Em geral, os exegetas e tradutores que me precederam parecem ter abordado Chuang-tzu de quatro maneiras . Na maioria das vezes, eles traduziam e comentavam, inspirando-se na exegese tradicional chinesa. Alguns procuraram esclarecer ou renovar essa exegese recorrendo à história das ideias e à história religiosa da China antiga. Outros favoreceram o estudo filológico do texto. Eles geralmente se apegavam a questões de transmissão, proveniência e autenticidade. Estes tentaram inovar ao reunir tal motivo de Chuang Tzu com certas ideias específicas de tal filósofo ocidental, na maioria das vezes contemporâneos.
Embora úteis até certo ponto, esses processos me pareciam muito insatisfatórios, mas durante anos não vi outros. Então me veio uma ideia: Chuang-tzu, disse a mim mesmo, não é um texto qualquer. Este livro é, pelo menos em parte, o trabalho de um filósofo. E por “filósofo” quis dizer um homem que pensa por si mesmo , tomando como objeto de seu pensamento a experiência que tem de si mesmo, dos outros e do mundo; que pergunta sobre o que outros filósofos pensam ou pensaram antes dele; que está ciente das armadilhas estabelecidas pela linguagem e, portanto, a usa criticamente.

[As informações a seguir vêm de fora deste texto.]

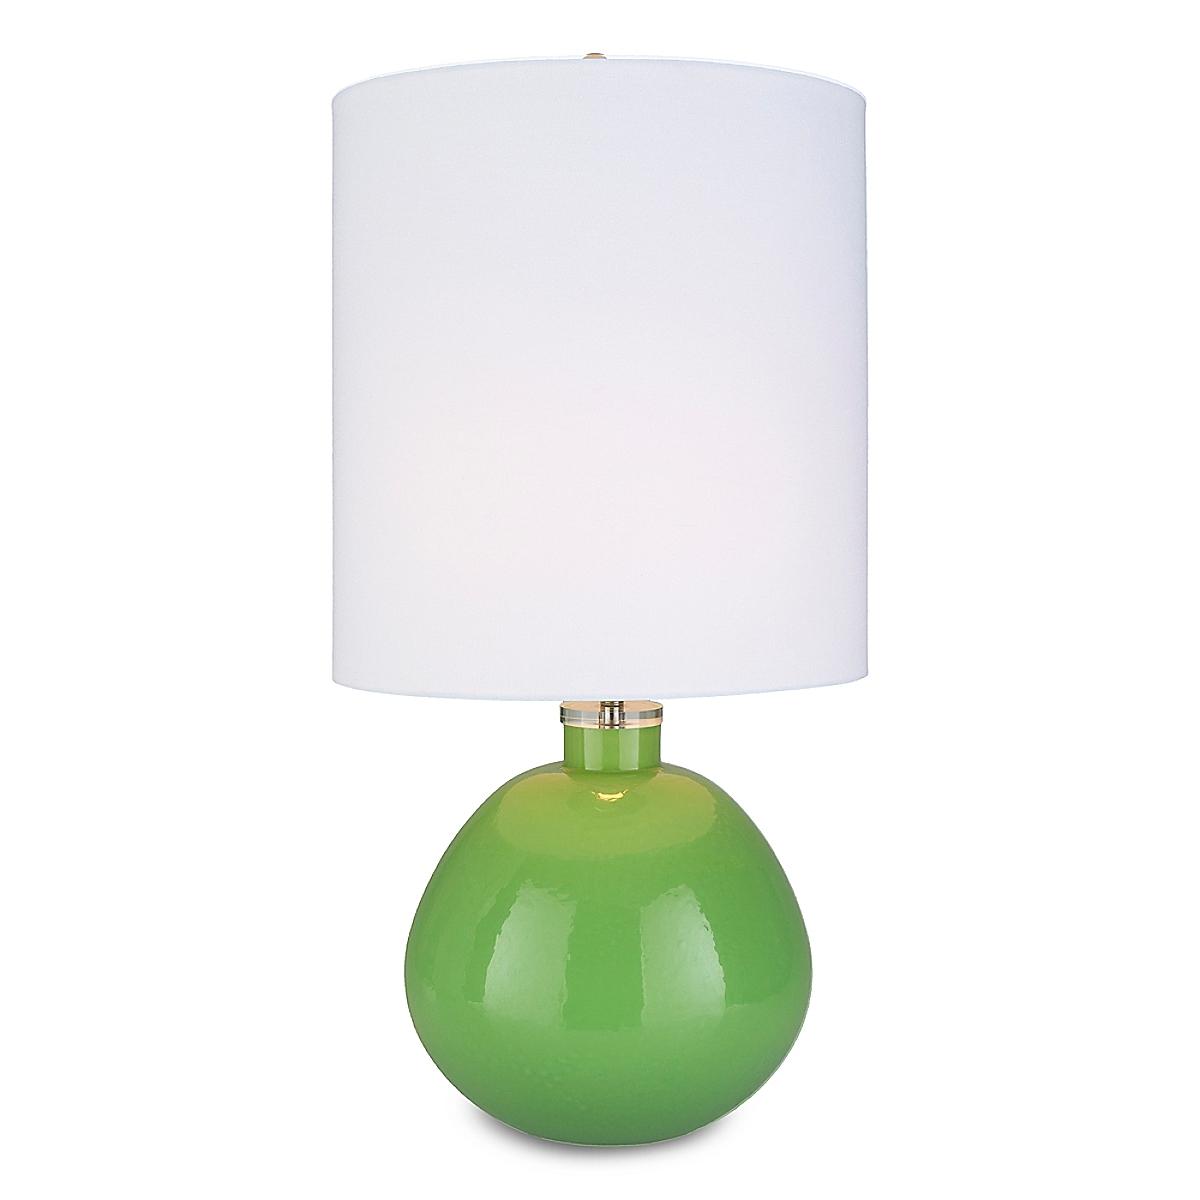 Dottie Table Lamp - Green

Essa ideia criou uma nova perspectiva. Como eu tinha gosto pela atividade filosófica entendida dessa maneira, ela estabelecia uma espécie de igualdade de princípios entre mim e Chuang-tseu. E se ele pensasse por si mesmo, tomando sua experiência como seu objeto, eu poderia me juntar a ele para fazer o mesmo em meu nome – porque a experiência dele e a minha tinham que se sobrepor, pelo menos em parte. Este tem sido desde então o primeiro artigo do meu método. Quando me aproximo de um texto de Chuang Tzu, pergunto-me primeiro, não que ideias o autor está desenvolvendo, mas que experiência particular ou de que aspecto da experiência comum ele está falando.

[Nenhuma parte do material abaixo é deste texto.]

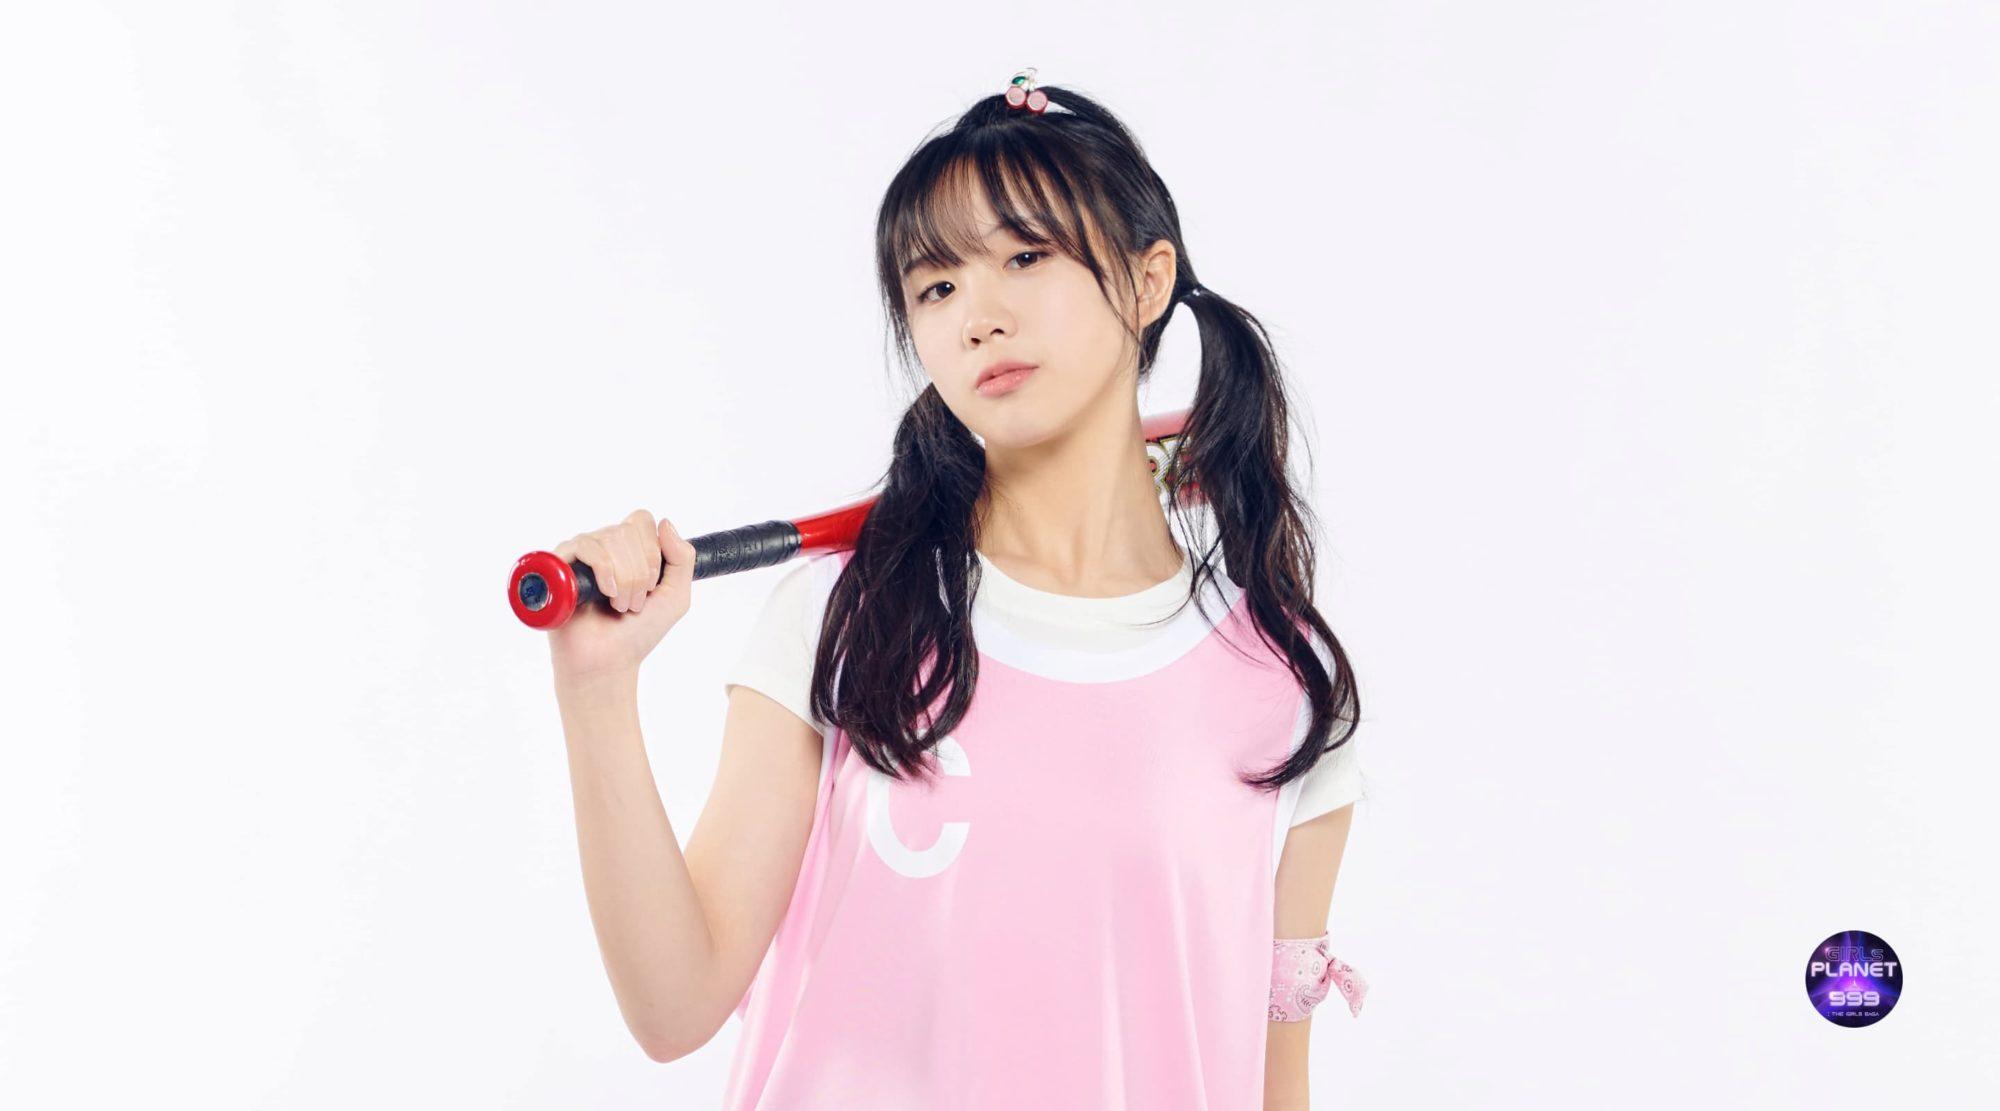 Liang Jiao Girls Planet 999

Encontrei o segundo artigo do meu método em Wittgenstein , mais precisamente na seguinte observação: “Aqui encontramos um fenômeno curioso e característico dos estudos filosóficos, observa ele em seu Bouts de papier (Zettel). A dificuldade não é, por assim dizer, encontrar a solução, mas reconhecer a solução no que parece ser apenas a premissa dela. (Essa dificuldade) decorre, acredito, do fato de que esperamos erroneamente uma explicação quando uma descrição constitui a solução para a dificuldade, desde que lhe demos o devido lugar, detenhamo-nos nela, sem tentar ultrapassá-la. – É isso que é difícil: parar.” Wittgenstein defendeu esse ponto de diferentes maneiras, em diferentes lugares de sua obra. Ele o retoma desta forma em seu último manuscrito: “A partir da explicação, mais cedo ou mais tarde você tem que chegar à descrição simples”. Em sua segunda filosofia, ele procede de fato pela descrição paciente, repetida incansavelmente, de certos fenômenos elementares. É isso que torna seus escritos do último período tão intrigantes. Lá ele estuda com extrema atenção o que se poderia chamar de infinitamente próximo ou quase imediato.
Agora percebi que, em certos textos que conhecia bem, Chuang-tseu fazia a mesma coisa à sua maneira. Eu havia postulado que ele era um filósofo, ou seja, que ele pensava por si mesmo e consultava acima de tudo sua própria experiência. Agora descobri que ele a descreveu e que suas descrições eram muito precisas e de grande interesse . Eram descrições do infinitamente próximo, do quase imediato. Eu poderia contar com algumas delas para entender alguns elementos importantes de seu pensamento. A partir daí, eu poderia explorar passo a passo outras partes que ainda eram obscuras para mim.
É preciso saber parar na descrição, diz Wittgenstein. Isso significa duas coisas: que devemos saber suspender nossas atividades habituais para examinar cuidadosamente o que temos à nossa frente ou o que está mesmo abaixo, mais próximo de nós, e que devemos então descrever precisamente o que observamos, tomando tempo para procurar as palavras certas, resistindo ao treinamento do discurso, impondo ao contrário sem enfraquecer a linguagem nossa vontade de dizer exatamente o que percebemos, e só isso. Este segundo exercício requer domínio perfeito da língua. Não é coincidência que Wittgenstein e Chuang-tzu, tão diferentes, tenham estilos tão marcantes.